Nakamura Y, Fukiage C, Ma H, Shih M, Azuma M, Shearer T R
Research Laboratories, Senju Pharmaceutical Co., Ltd., 1-5-4 Murotani, Nishi-ku, Kobe, 651-2241, Japan.
Exp Eye Res. 1999 Aug;69(2):155-62. doi: 10.1006/exer.1998.0686.

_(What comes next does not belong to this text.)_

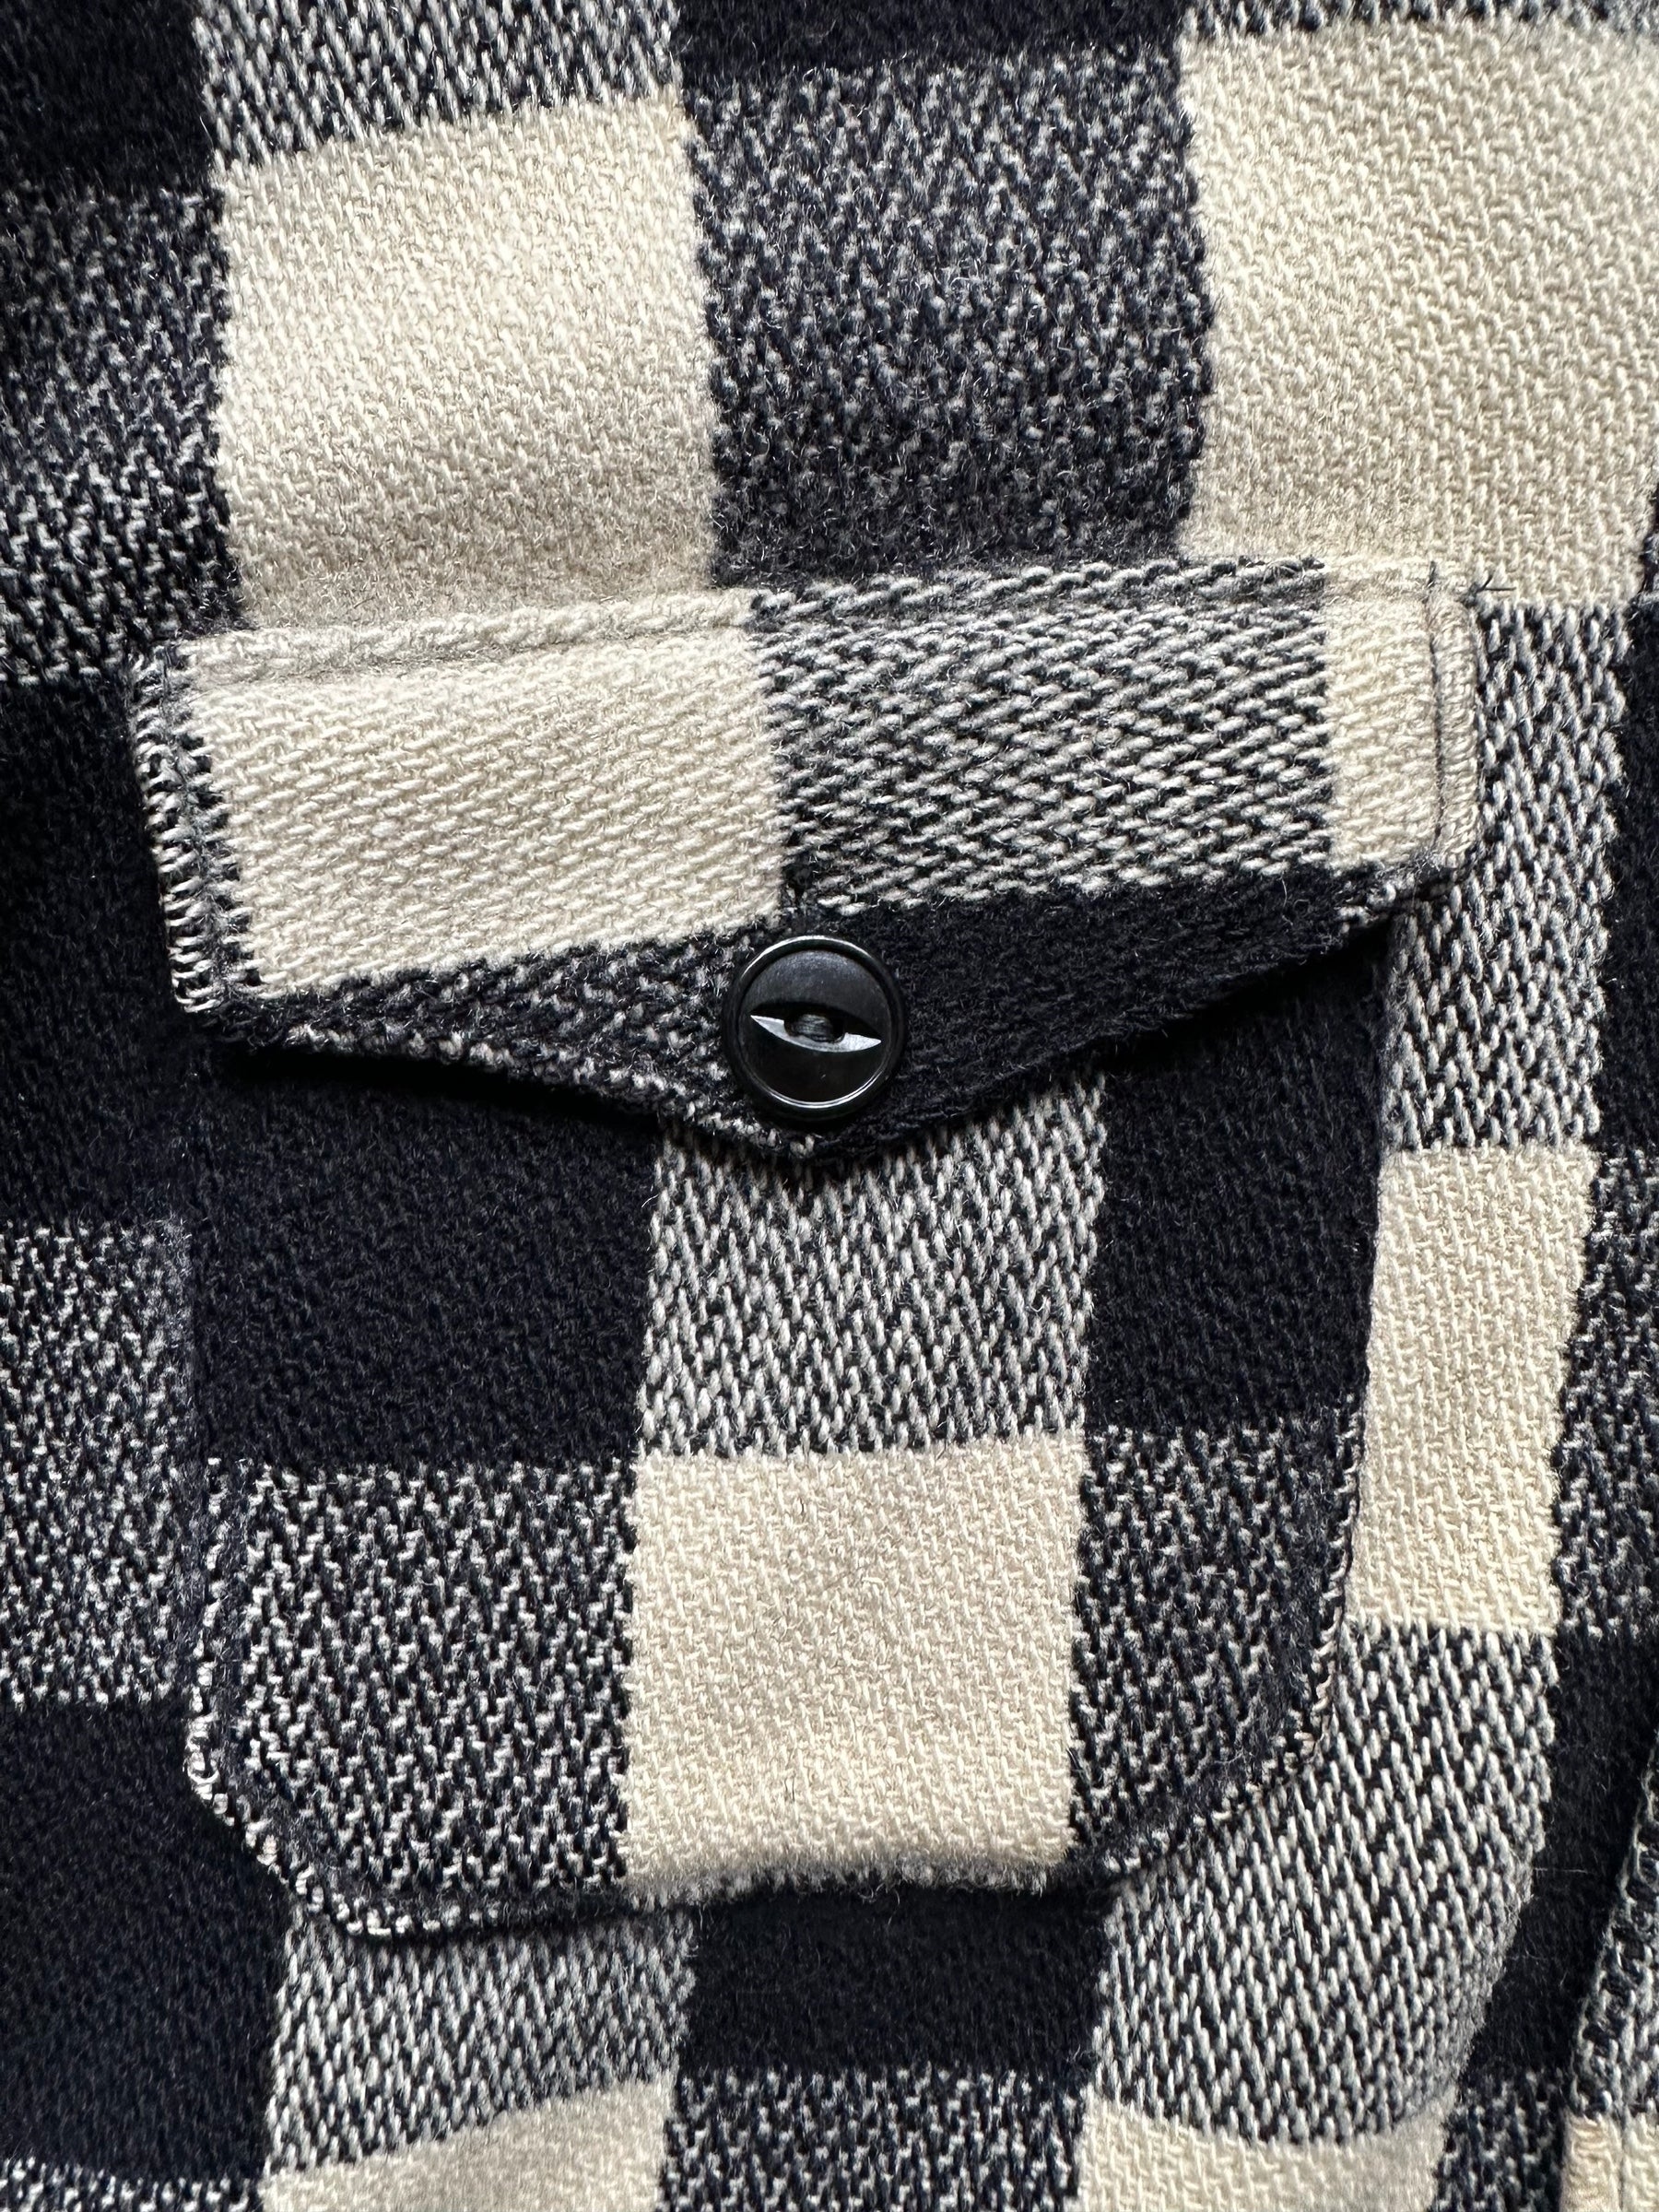 Pocket View of Vintage 1930-40s Era Woolrich Black & White Wool Jacket SZ L |  Barn Owl Vintage Goods | Vintage Workwear Seattle

The purpose of the present investigation was to test three calpain inhibitors (recombinant calpastatin domain I, E64, and SJA6017) against Lp82 calpain in rat lenses. Lp82 is a lens-specific isoenzyme from the calpain super family of calcium-activated, cysteine proteases (EC 34.22.17). Lp82 and m-calpain proteolytic activities and protein levels were measured by casein zymography and immunoblotting. Activity of endogenous Lp82 against vimentin was also tested by in vitro incubation of rat lens soluble and insoluble fractions with calcium. Most of the Lp82 activity could be inhibited by irreversible inhibitor E64 and reversible inhibitor SJA6017. However, a major finding of the present investigation was that Lp82 in the soluble and insoluble fractions of the lens was less sensitive to inhibition by recombinant domain I from the endogenous tissue inhibitor of ubiquitous calpains, calpastatin, than m-calpain. By using recombinant calpastatin to inhibit endogenous lens m-calpain, we were able to demonstrate the first example of a substrate for Lp82, vimentin. These data suggest that Lp82-induced proteolysis in rodent lenses may occur even in the presence of calpastatin.
本研究的目的是在大鼠晶状体中测试三种钙蛋白酶抑制剂(重组钙蛋白酶抑制蛋白结构域I、E64和SJA6017)对Lp82钙蛋白酶的作用。Lp82是钙蛋白酶超家族中一种晶状体特异性同工酶,属于钙激活的半胱氨酸蛋白酶(EC 34.22.17)。通过酪蛋白酶谱法和免疫印迹法测定Lp82和m-钙蛋白酶的蛋白水解活性及蛋白质水平。还通过将大鼠晶状体可溶性和不溶性组分与钙进行体外孵育,测试内源性Lp82对波形蛋白的活性。大部分Lp82活性可被不可逆抑制剂E64和可逆抑制剂SJA6017抑制。然而,本研究的一个主要发现是,晶状体可溶性和不溶性组分中的Lp82对来自普遍存在的钙蛋白酶的内源性组织抑制剂钙蛋白酶抑制蛋白的重组结构域I的抑制作用,比m-钙蛋白酶更不敏感。通过使用重组钙蛋白酶抑制蛋白抑制内源性晶状体m-钙蛋白酶,我们能够证明Lp82的首个底物波形蛋白。这些数据表明,即使存在钙蛋白酶抑制蛋白,啮齿动物晶状体中由Lp82诱导的蛋白水解仍可能发生。